During the Company’s acquisition of the Shea assets in 2011, Pure Path purchased the Loan Modification Agreement and the NJB Forbearance Agreement directly from NJB Mining, Inc. In connection with the assignment of a forbearance agreement the Company and Pure Path executed an Agreement in Principle setting forth terms of the forbearance agreement (collectively the “Pure Path Agreements”). Pursuant to the Pure Path Agreements, Pure Path was to receive participation payments to be received on a quarterly basis for seven years after the final closing at a rate of 5% of adjusted gross revenue as such terms are defined in the Pure Path Agreements, past and future consulting fees for approximately $1,150,000, collection remedies and legal proceedings against the Company including foreclosure on the Deed of Trust, registration rights, rights of first refusal, tag along rights, preemptive rights, exclusive worldwide rights pertaining to financing and joint ventures, and other negative covenants regarding approval of corporate actions.

 

Pursuant to the Settlement and Release Agreement executed October 10, 2013 with the Company, Pure Path relinquished the foregoing rights and obligations owed to it and agreed to forbear collection remedies and legal proceedings against the Company including foreclosure on the Deed of Trust, and, in connection with the settlement and release of various debts of approximately $1,500,000 and the consulting fees owed by the Company, the Company issued 27,000,000 restricted shares and a Promissory Note (the “Pure Path Note”) for an amount of up to $2,500,000 with a beginning principal balance of $1,933,345 bearing interest of 8% per year for the current balance of the amounts owed under the Pure Path Agreements.

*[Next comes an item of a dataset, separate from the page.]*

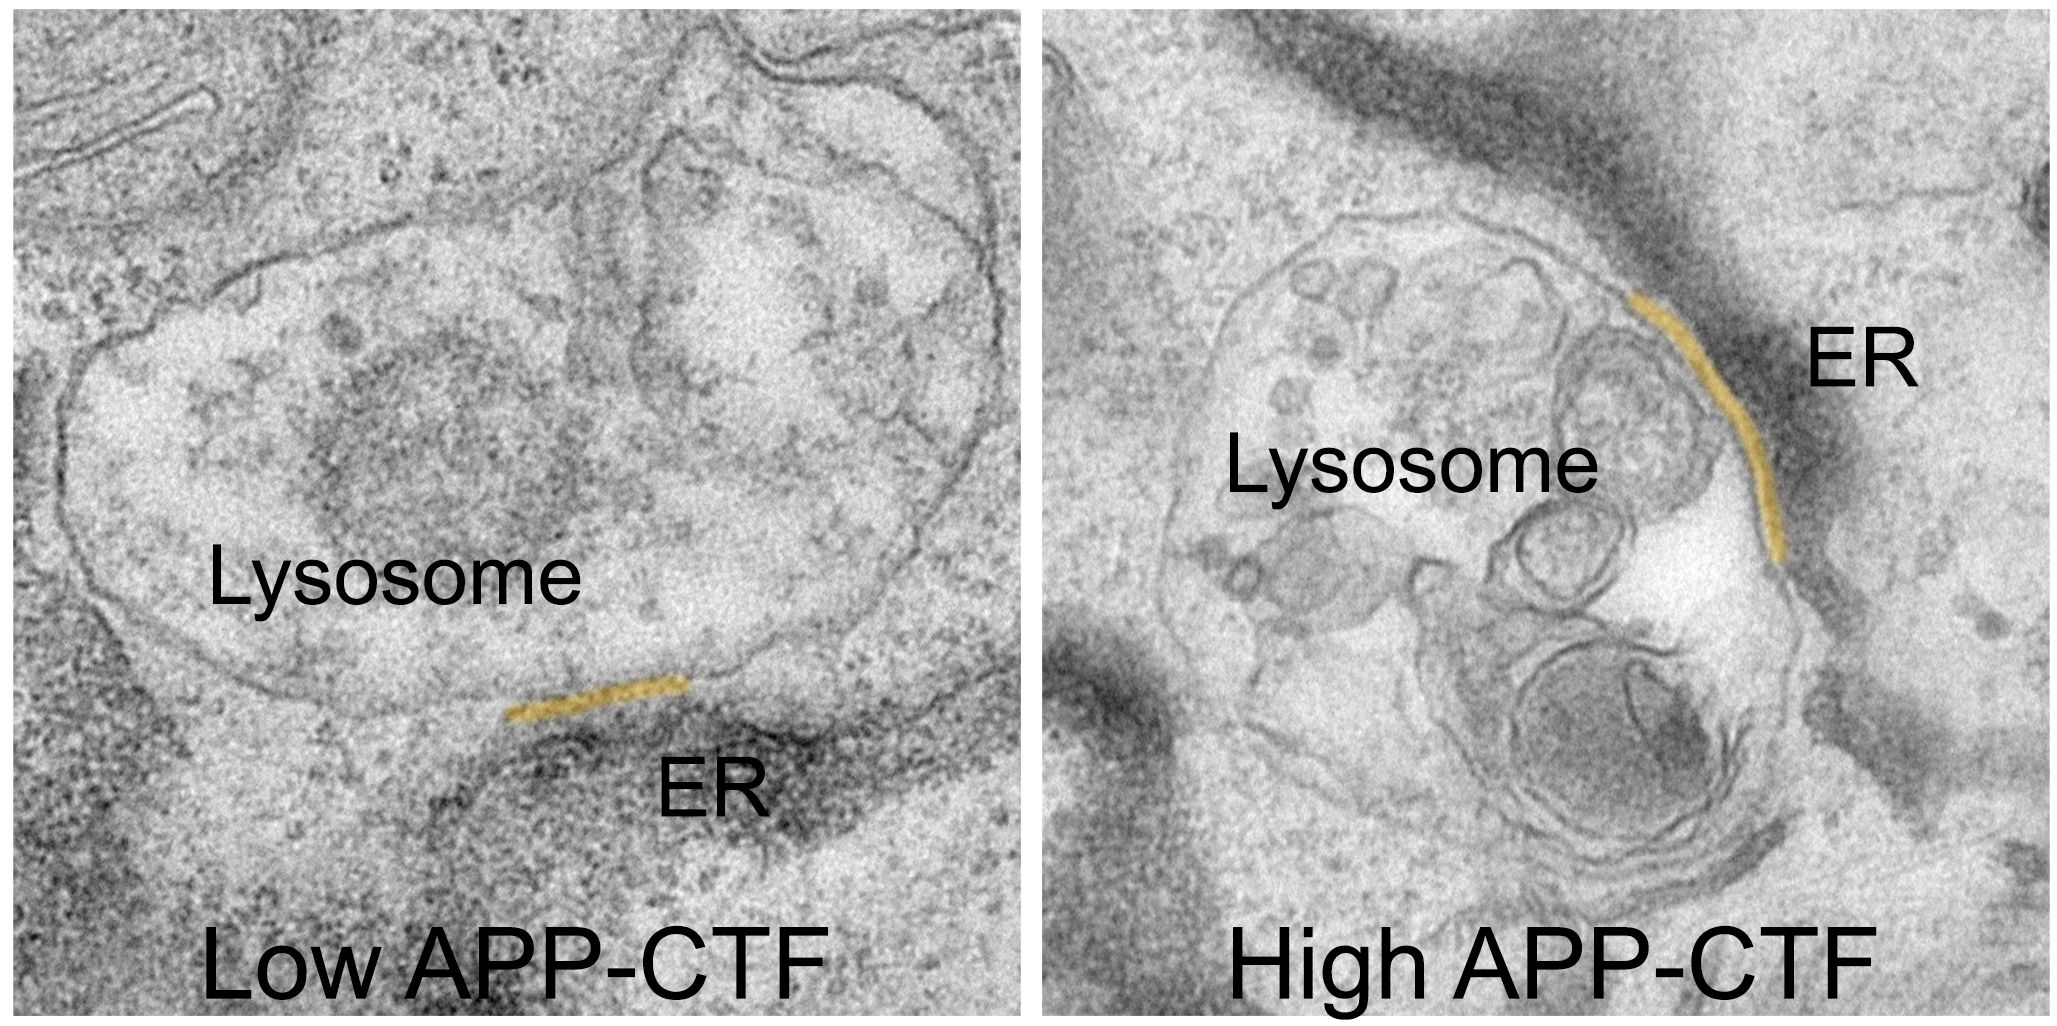 APP-C-Terminal Fragments (APP-CTFs) accumulate between the endoplasmic reticulum and the lysosomes

The outstanding principal balance on the Pure Path Note was $2,229,187 as of both March 31, 2018 and December 31, 2017, with related accrued interest of $815,024 and $768,982, respectively.

 

On February 11, 2015, the Company issued an unsecured promissory note (the “Note”) to Tina Gregerson Family Properties, LLC, an entity controlled by a former director of the Company. The Note for up to $750,000 was provided in tranches. Maturity of each tranche is one year from the date of receipt. Interest accrues at 8% per annum on each tranche. Under the terms of the Note, the Company received $477,500. The Note is in default.